Planet Money demonstrates that abstract systems are best explained through specific stories about specific people. The show's best episodes are models of how to teach something genuinely complex without losing the listener's interest or trust.

Stuff You Should Know: Long Form Episodes
#7
Deep-Dive Education

Stuff You Should Know: Long Form Episodes

Hosted by Josh Clark and Chuck Bryant

SYSK's best long-form episodes demonstrate that two curious generalists researching a topic together and sharing what they find is a format that scales to any subject and builds genuine learning in both host and listener.

Why listen as a creator

Stuff You Should Know demonstrates that intellectual curiosity is contagious in audio form. The hosts' genuine engagement with unfamiliar material creates permission for the listener to be similarly engaged, rather than performing knowledge they don't have.

The Moth Radio Hour: Live Stories
#8
Personal Storytelling

The Moth Radio Hour: Live Stories

Hosted by Various

The Moth's best live performances demonstrate the raw power of a person standing at a microphone telling a true story about their own life to a room full of strangers, and what happens when that moment is recorded and shared at scale.

Why listen as a creator

The Moth demonstrates that unscripted personal storytelling is one of the most powerful things audio can carry. The best Moth stories work because the stakes are real, the emotion is present, and the teller has done the work to shape what they're saying.

Revisionist History: 'The Tortoise and the Hare'
#9
Contrarian Analysis

Revisionist History: 'The Tortoise and the Hare'

Hosted by Malcolm Gladwell

Malcolm Gladwell's Revisionist History regularly produces episodes that reframe familiar stories in ways that genuinely change how the listener thinks about the original event, with the particular episode on elite college admissions being among his most consequential.

Why listen as a creator

Revisionist History demonstrates what happens when a skilled explainer applies genuine intellectual contrarianism to widely accepted narratives. Gladwell's format works best when the inversion he's proposing is substantive rather than merely provocative.

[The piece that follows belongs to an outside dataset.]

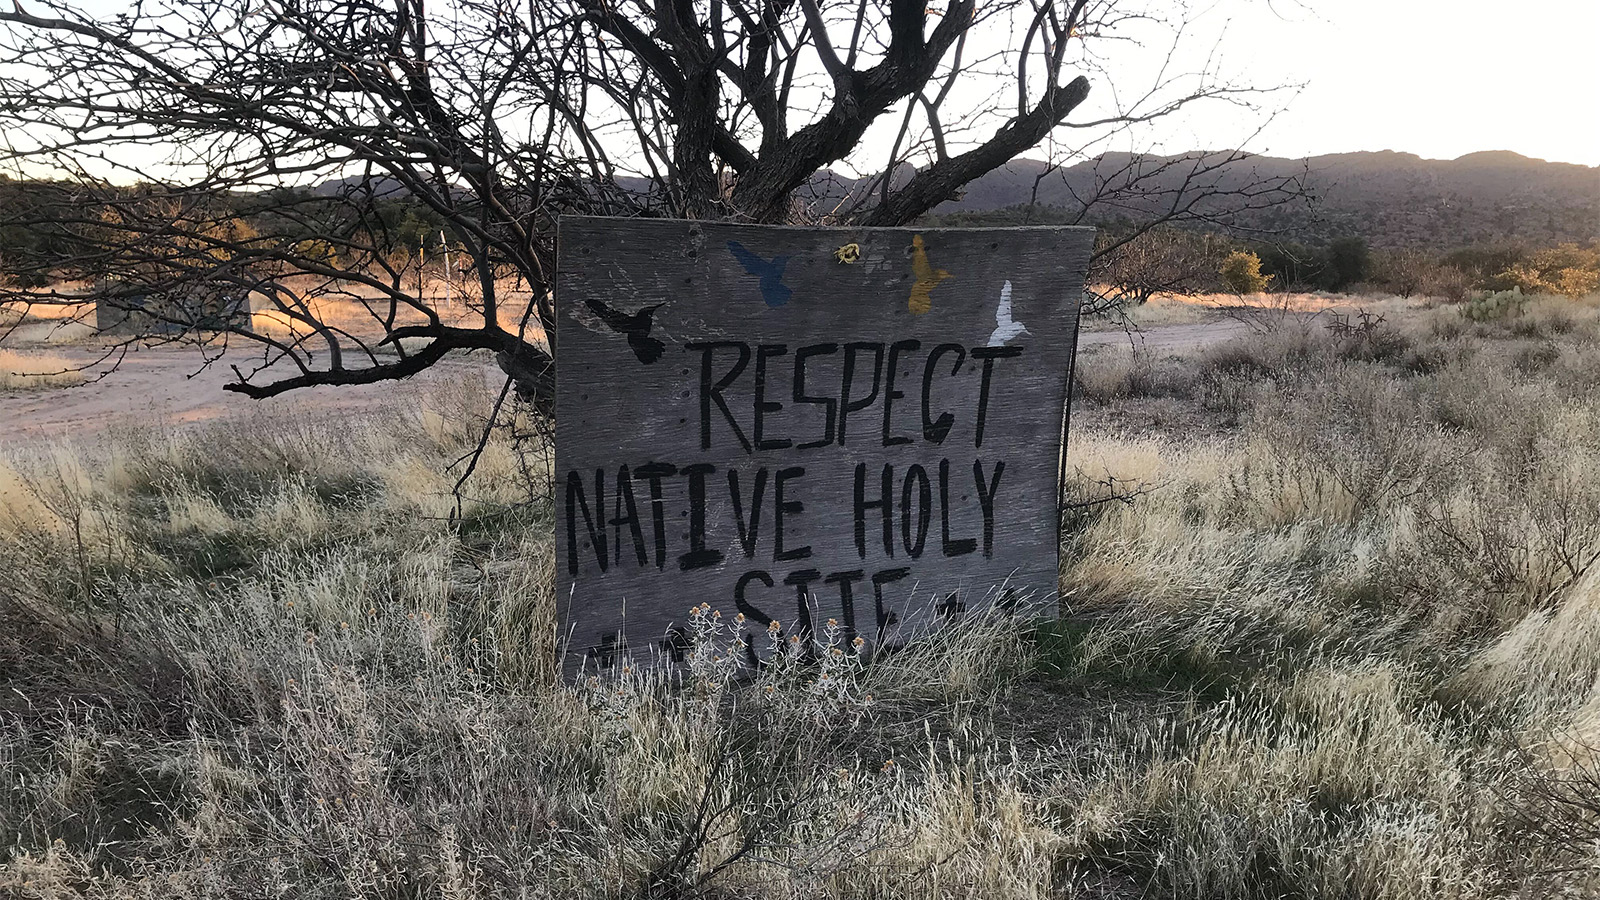 Signs protesting the transfer of Oak Flat stand just outside the Oak Flat campground in Arizona’s Tonto National Forest, roughly 70 miles east of Phoenix. RNS photo by Alejandra Molina

Armchair Expert: Long Conversations
#10
Long-Form Celebrity Honesty

Armchair Expert: Long Conversations

Hosted by Dax Shepard

Dax Shepard's best episodes, particularly his conversations with guests who reciprocate his unusual level of personal honesty, demonstrate what happens when a host's willingness to be vulnerable creates permission for guests to be equally honest.

Why listen as a creator

Armchair Expert demonstrates that the most memorable interview moments come from mutual vulnerability rather than from clever questioning. Shepard's approach shows what happens when a host brings their whole self to the conversation.

Conan O'Brien Needs a Friend: Bill Burr Episode
#11
Comedy Long-Form

Conan O'Brien Needs a Friend: Bill Burr Episode

Hosted by Conan O'Brien

Conan's episode with Bill Burr is among the finest comedy podcast conversations produced, demonstrating what two genuinely funny people who respect each other produce when the microphones are left running long enough.

Why listen as a creator

The Conan-Burr episode demonstrates that great comedy podcast content is about relationship and mutual regard rather than performance. Both hosts are performing for each other as much as for the audience, and that quality of attention produces different comedy.

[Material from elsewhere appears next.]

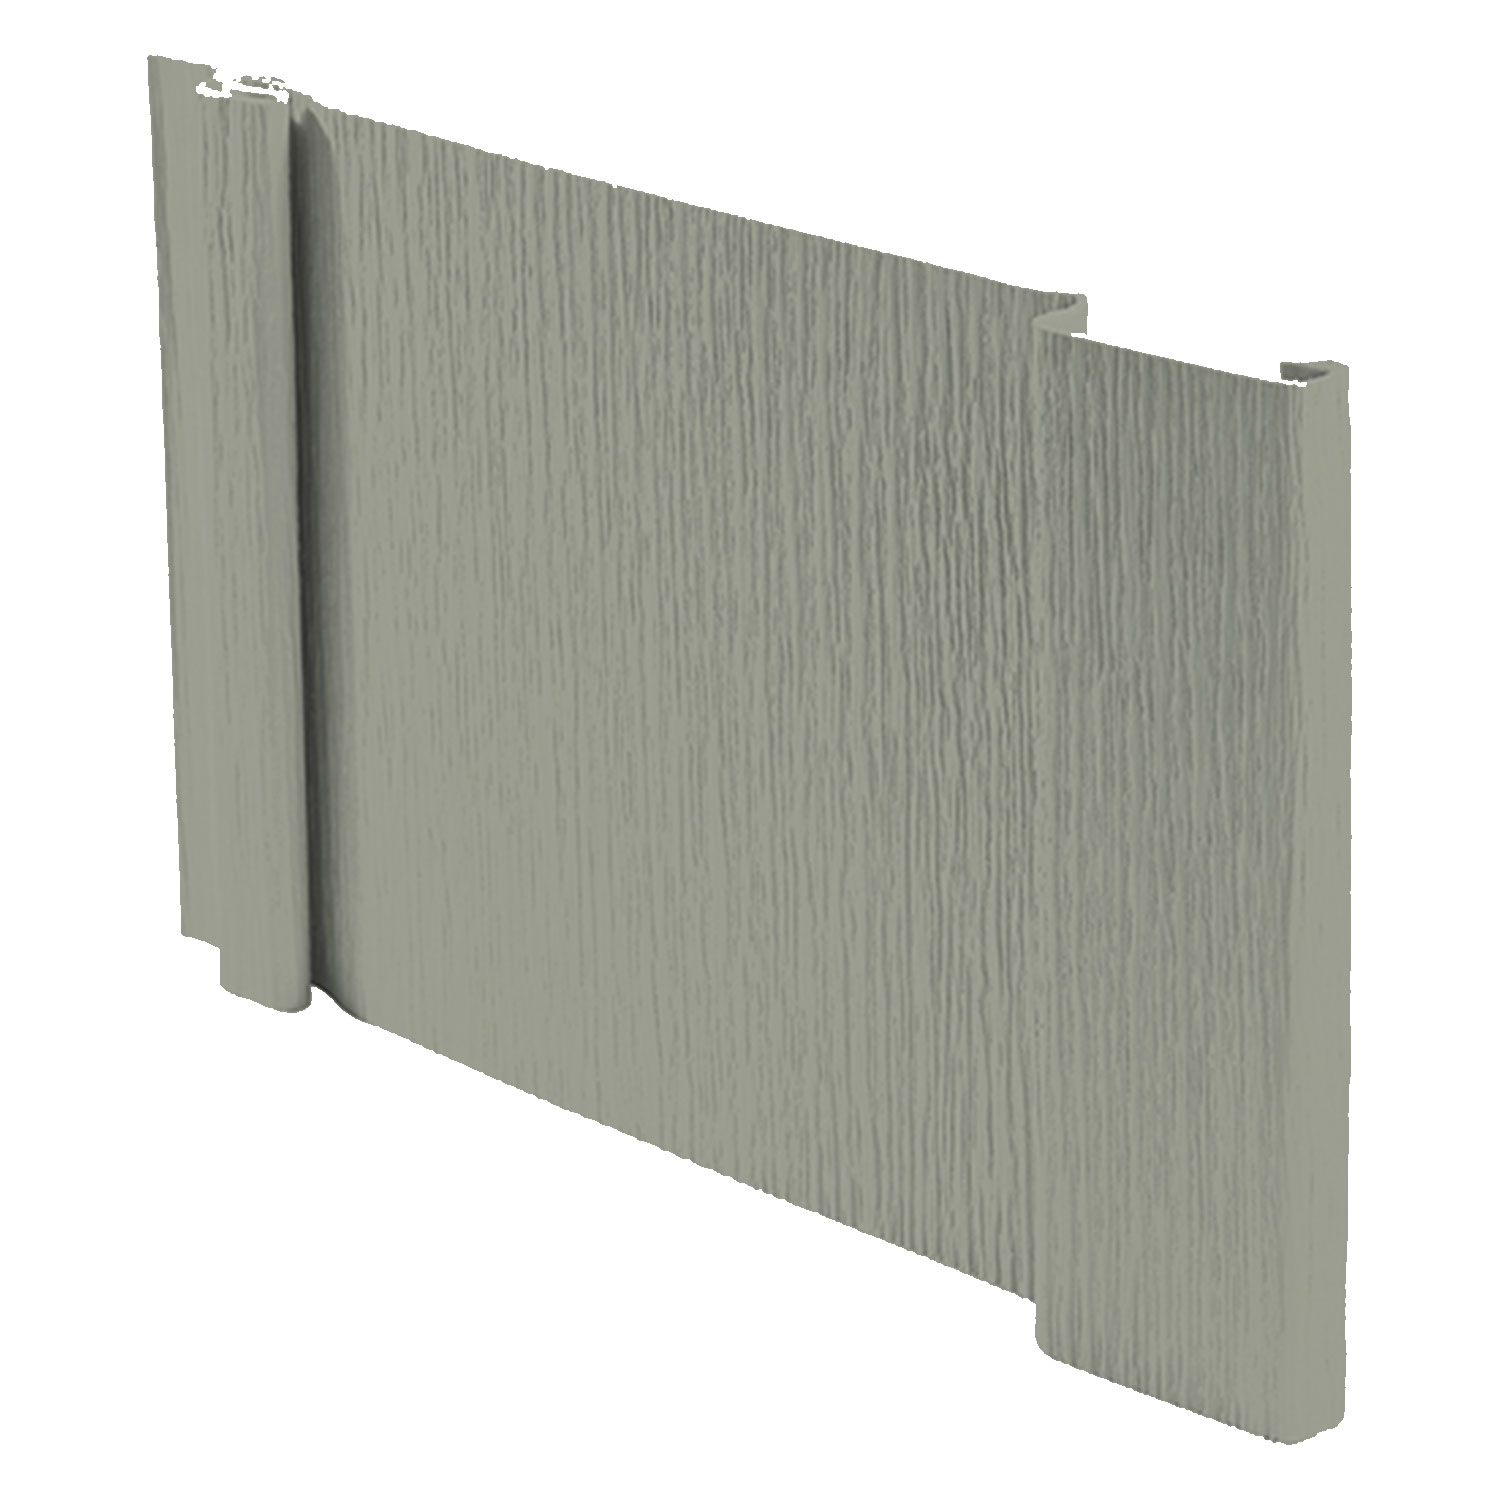 Soft Willow Board Siding

On Being: 'The Inner Life of Rebellion'
#12
Spiritual and Philosophical Depth

On Being: 'The Inner Life of Rebellion'

Hosted by Krista Tippett

Krista Tippett's best episodes demonstrate that the most profound podcast conversations happen when both host and guest are genuinely changed by the exchange, producing something that neither could have produced alone.

Why listen as a creator

On Being demonstrates that the highest aspiration for a podcast conversation is mutual transformation. Tippett's best episodes end differently than they began, and the listener who followed closely ends differently too.